Memory calculation: Number of chunks × Size of Chunk x 4 = Required RAM

Choosing Your Interval:

Calculate expected data volume: How many events per day/week/month?
Consider query patterns: Do you query recent data (hours) or historical data (days)?
Evaluate available RAM: How much memory can you dedicate to chunk data?
Balance chunk size: Not too small (memory overhead) or too large (query inefficiency)

Practical Examples:

-- High-frequency CDC (millions of events/day)
-- Smaller chunks for better query targeting
chunk_time_interval => INTERVAL '1 hour'
-- ~720 chunks/month

-- Medium-frequency CDC (hundreds of thousands/day)
-- Balanced approach
chunk_time_interval => INTERVAL '1 day'
-- ~30 chunks/month

-- Low-frequency CDC (thousands/day)
-- Larger chunks, less overhead
chunk_time_interval => INTERVAL '7 days'
-- ~4 chunks/month

MSR Default Configuration:

The MSR schema uses INTERVAL '1 hour' by default, optimized for high-volume command & control systems. This may need adjustment for your specific use case.

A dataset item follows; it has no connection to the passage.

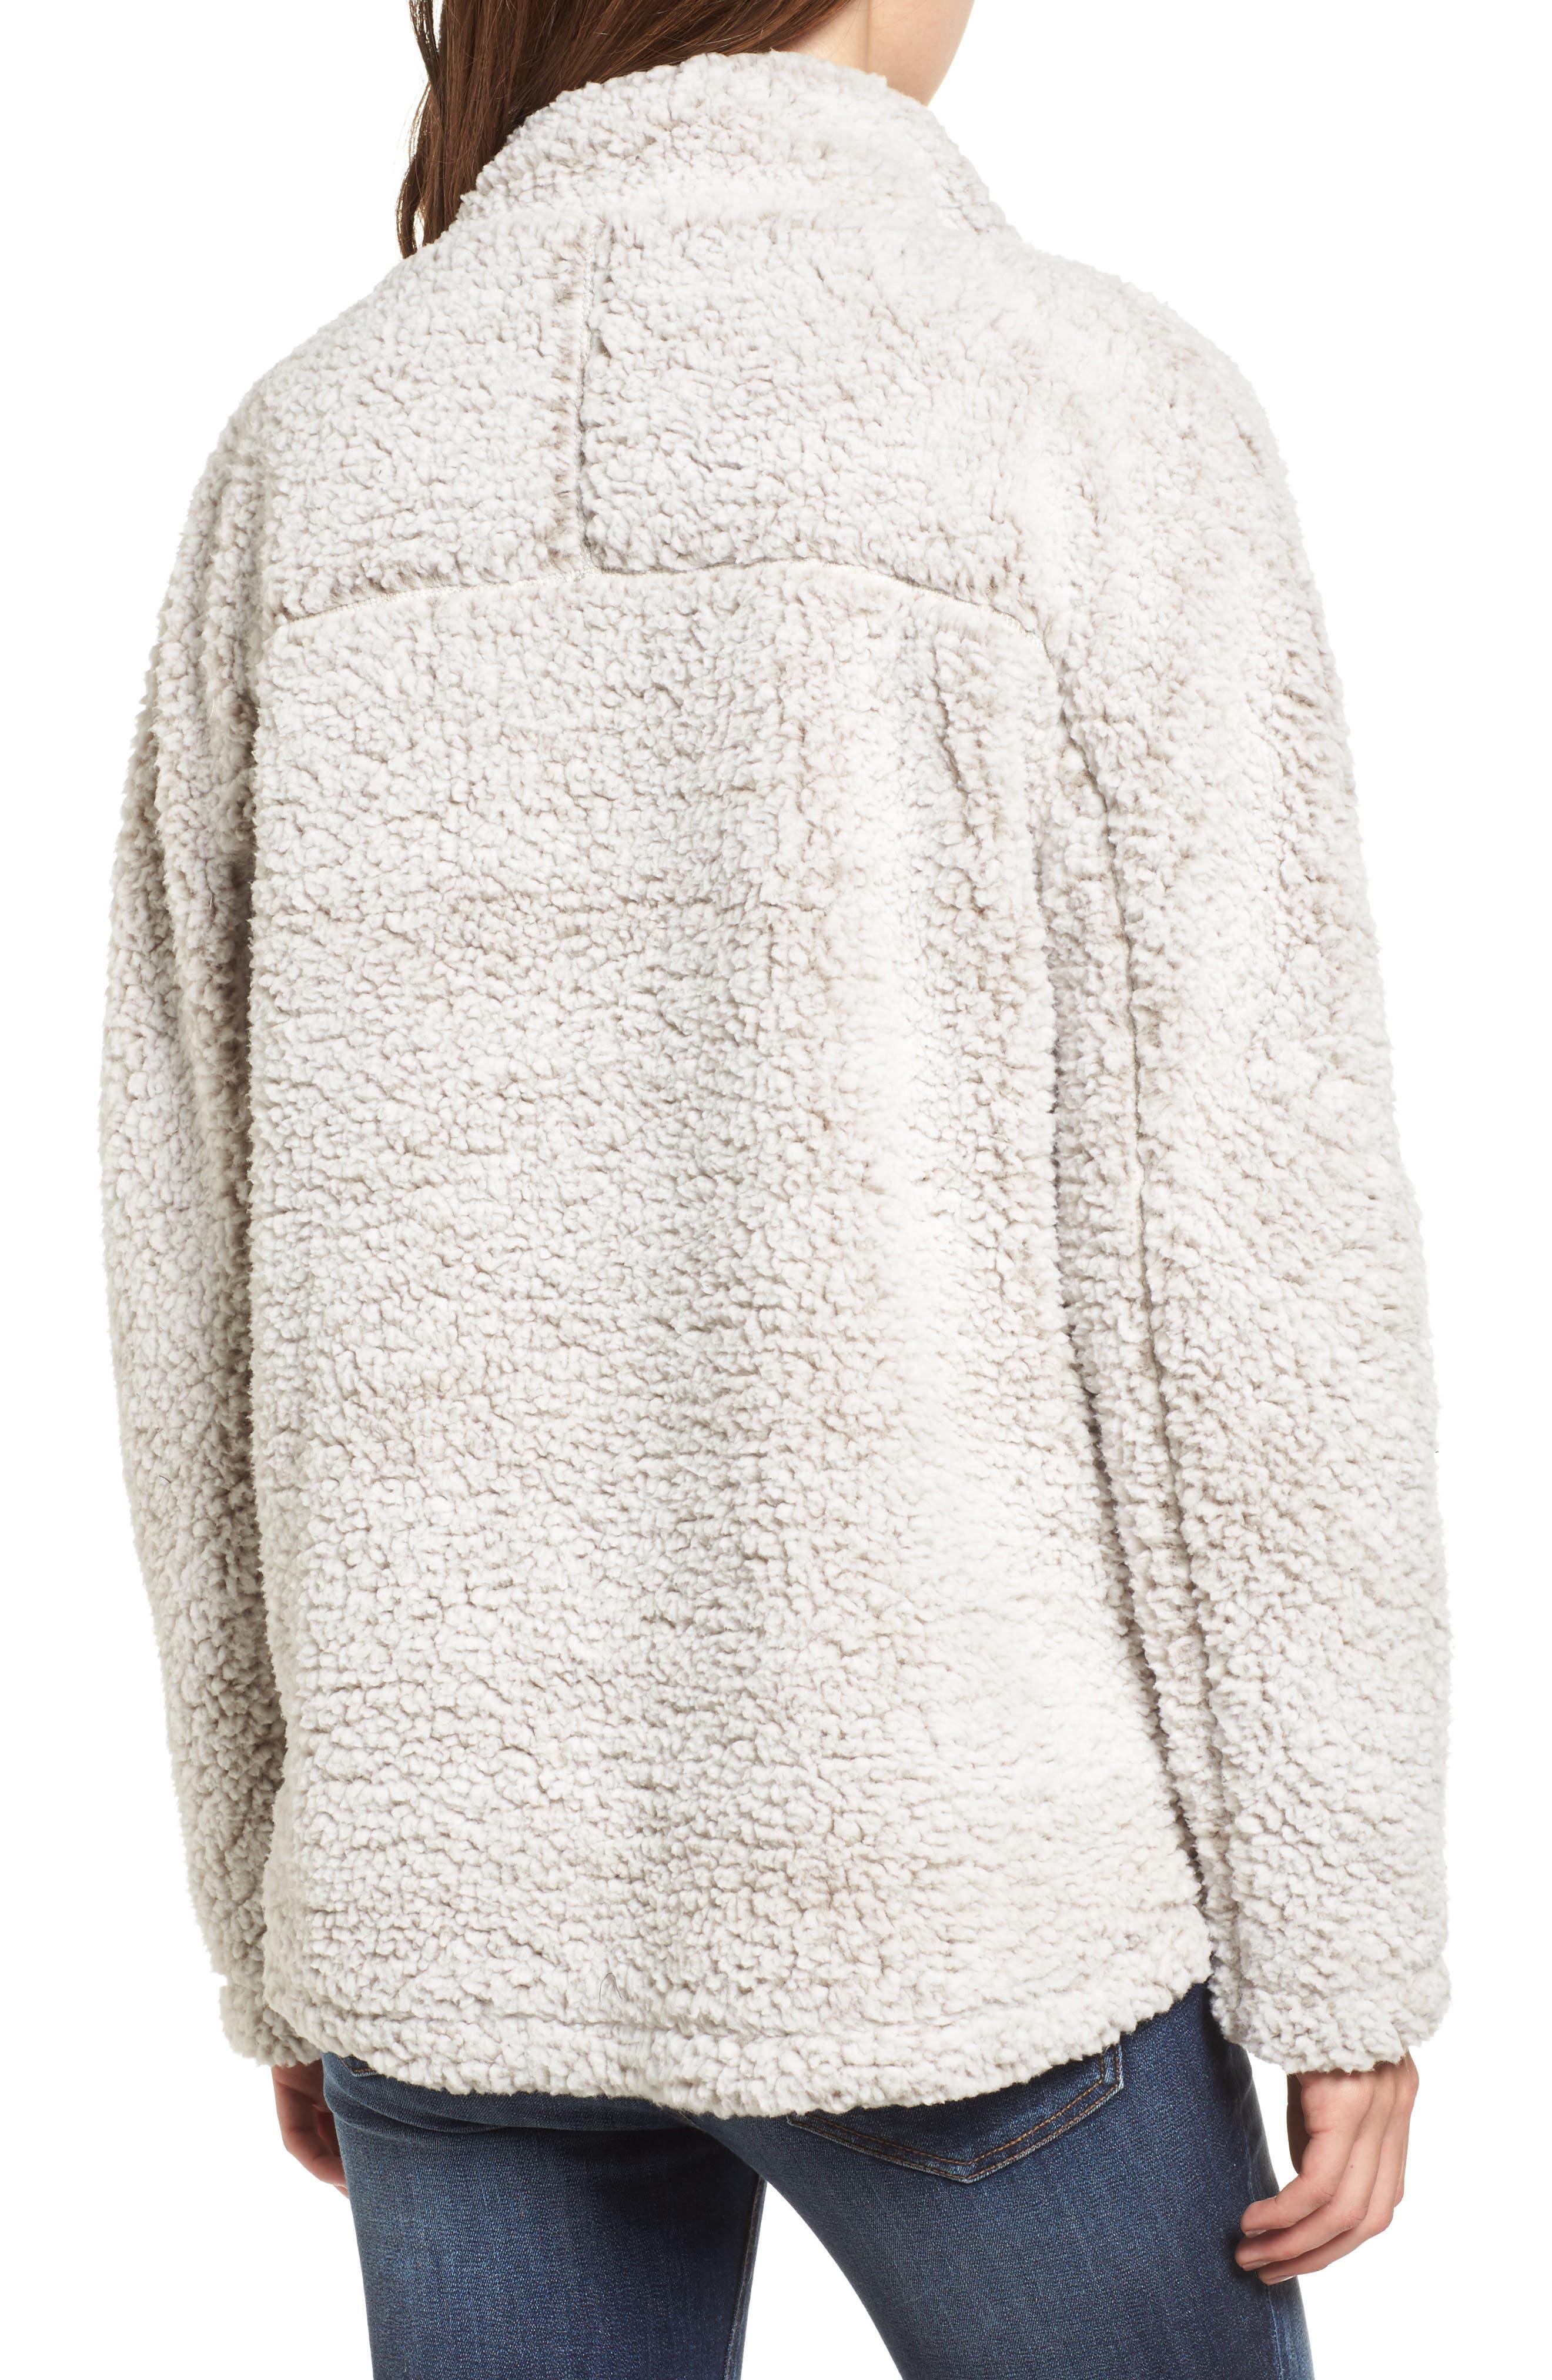 Wubby Fleece Pullover,                             Alternate thumbnail 2, color,                             Ivory
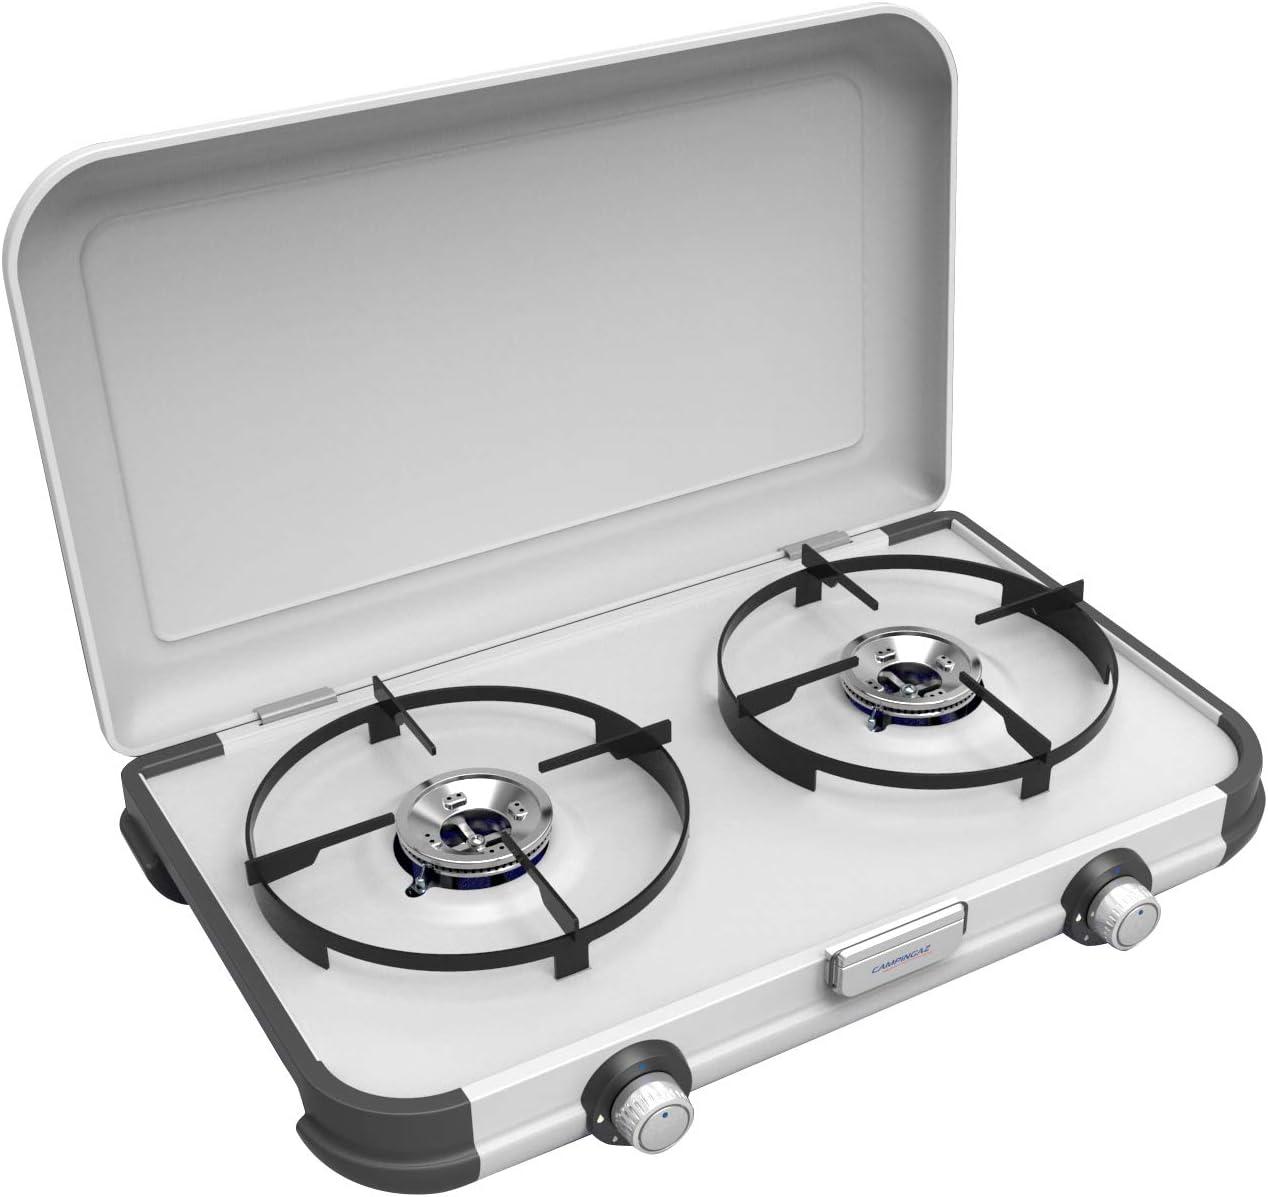 Campingaz, cocina de gas portátil con dos quemadores, parrilla al aire libre

Location: Set in schema.sql during initial deployment:

SELECT create_hypertable(
    'msr.cdc_event',
    'event_timestamp',
    chunk_time_interval => INTERVAL '1 hour',  -- CRITICAL: Configure before data ingestion
    migrate_data => TRUE
);

Changing After Deployment:

Changing chunk intervals after data exists is extremely difficult and risky:

Requires converting hypertable back to a regular PostgreSQL table
Must export all existing data
Recreate hypertable with new interval
Re-import all data (can take hours/days for large datasets)
High risk of data loss if process is interrupted
Downtime required during migration

For production systems with significant data, changing the chunk interval is often considered not feasible.

Cannot Be Changed Easily

The chunk interval is effectively permanent once you have production data. Take time to calculate the right value before deployment. Consider:

Expected data growth over 1-2 years
Available database server RAM
Query performance requirements
Storage retention policies

When in doubt, start with TimescaleDB's default of 7 days, then adjust for future deployments based on observed patterns.

Additional Resources:

How does MAX_PLAYBACK_RANGE affect my system?

MAX_PLAYBACK_RANGE controls the historical window available for replay and has several important impacts:

Storage Retention:

CDC events older than NOW - MAX_PLAYBACK_RANGE days are automatically deleted during maintenance
A snapshot is maintained at the cutoff boundary to preserve historical state
Example: With MAX_PLAYBACK_RANGE = 7, data beyond 7 days ago is cleaned up daily (configurable CRON expression)

Available Date Selection:

Users can select any start time within the past MAX_PLAYBACK_RANGE days
The date picker UI automatically enforces this limit (with configurable buffers)
Combining with EARLIEST_VALID_TIMESTAMP provides an absolute minimum boundary

Data Flow Timeline:

DEPLOYMENT ──→ OLD_DATA ────→ CUTOFF_POINT ←─── MAX_PLAYBACK_RANGE days ────→ NOW
    ↑              (Cleanup)      (Snapshot)        (User can select)      (Current)
EARLIEST_VALID
TIMESTAMP

Configuration Impact:

Longer ranges (14-30 days) = More storage required, potentially slower queries, better historical access
Shorter ranges (3-7 days) = Less storage, faster queries, limited historical access
Typical values: 7 days (production), 3 days (resource-constrained), 14-30 days (long-term analysis)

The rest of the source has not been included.